UNIVERSITY OF TORONTO LINKS
I decided to be a writer with high hopes that it would allow me
to avoid work. When writing turned out to be work as well as fun, I
stuck with it anyway simply because it seemed too late to turn
back. I stuck mostly to fiction where it seemed that the facts need
not get in the way of the truth but then as time went on I found
that some of the facts of my own life were more revealing that the
fictional truths I create. This came as a surprise and a shock to
me.
As a kid, I had a fairly minute ego no one within earshot was
ready to persuade me that my opinions and insights were of much
value in the world I lived in. So later, when I grew into my skin
as a writer, I pretended for a while that what I had to say really
was of importance. After a while, I started believing in the myth
and this convinced me to abandon fiction for a while and get
autobiographical.
Since my life story would be exceedingly boring, I was forced to
edit my personal history ruthlessly until there was something left
worth sharing. My first fragmented history of the self came out as
An Avalanche of Ocean and I almost thought that I was done with
autobiography. What more could I possibly say once I'd written
about winter surfing and transcendental wood-splitting and getting
strip searched for cod tongues in a Labrador airport?
But then something happened to me that I can't quite explain.
Avalanche had set off something in me--a kind of manic, magical
couple of years where I felt like I was living on the edge of some
important breakthrough. It was a time of greater compressed
euphoria and despair than I'd ever felt before. Stuff was
happening to me, images of the past were flooding through the doors
and I needed to get it all down. Some of it was funny, some of it
was not. Dead writers were hovering over my shoulder saying, "Dig
deep; follow it through. Don't let any of it go." And I didn't.

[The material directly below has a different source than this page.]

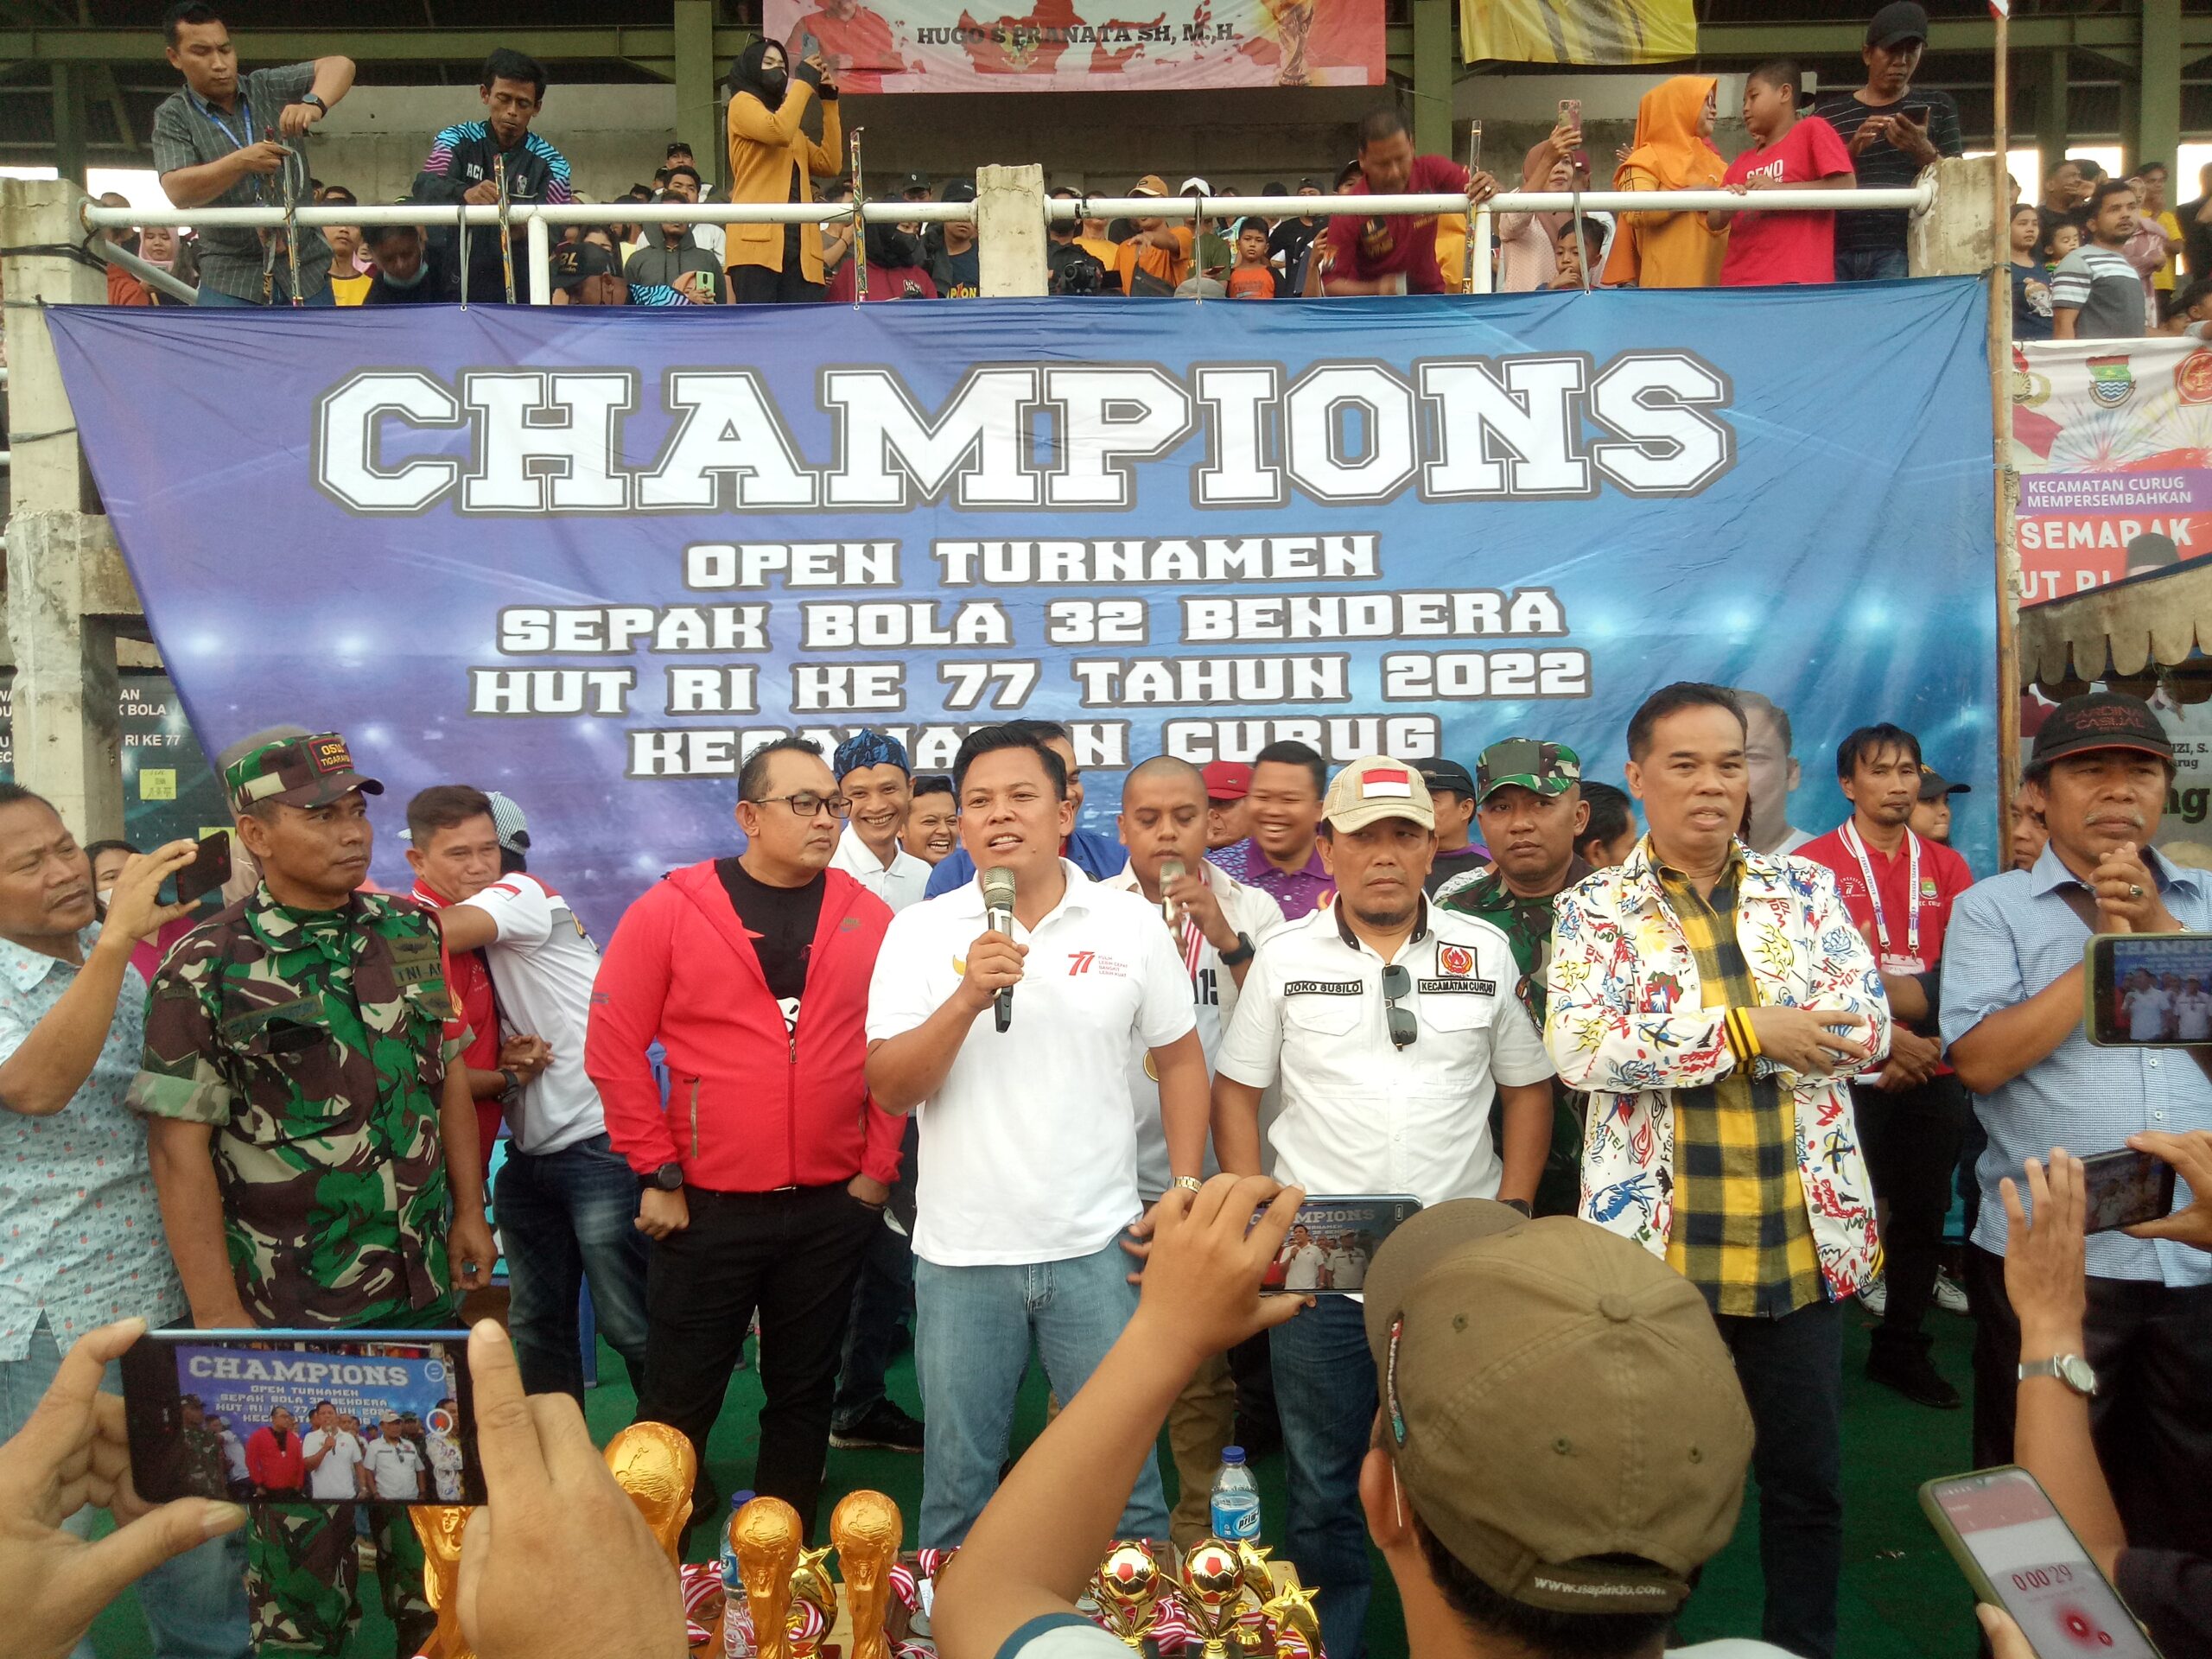 Tampak Camat Curug Supriyadi saat memberikan sambutannya di final Champions di Stadion mini Kecamatan Curug.

So again, I have the audacity to say that these things that
happened some are worth your attention. Like Wordsworth, I am a man
"pleased with my own volitions." Like Whitman I find myself saying
to readers, "to you, endless announcements."
As I write this, I am bumping into forty-five and I need to
share the discoveries of the last ten years. For me it was a time
of great battles. I fought the construction of street lights in the
wilderness, the tedium of organizations and the relentless,
good-intentioned blundering of government and science.
In Transcendental Anarchy I celebrated the uncompromising
passages of a mid-thirties male, admitting I would never be an
astronaut or a president and, instead finding satisfaction in
building with wood, arguing a good cause, or even undergoing a
successful vasectomy.
Write about what makes you feel the most uncomfortable, a voice
in my head told me. So I tackled fear and my own male anger and my
biggest failures. And even more dangerous, I tried writing about
the most ordinary of things: a morning in Woolco, an unexceptional
day, the thread of things that keeps a life together.
Throughout it all, there is, I hope, a record of a search for
love and meaning fraught with failure and recovery. Maybe I've
developed a basic mistrust of the rational, logical conclusions.
I've only had the briefest of glimpses beyond the surface but I've
seen enough to know that sometimes facts are not enough. There are
times to make the leap, to get metaphysical, and suppose that we
all live larger lives than appearances would suggest.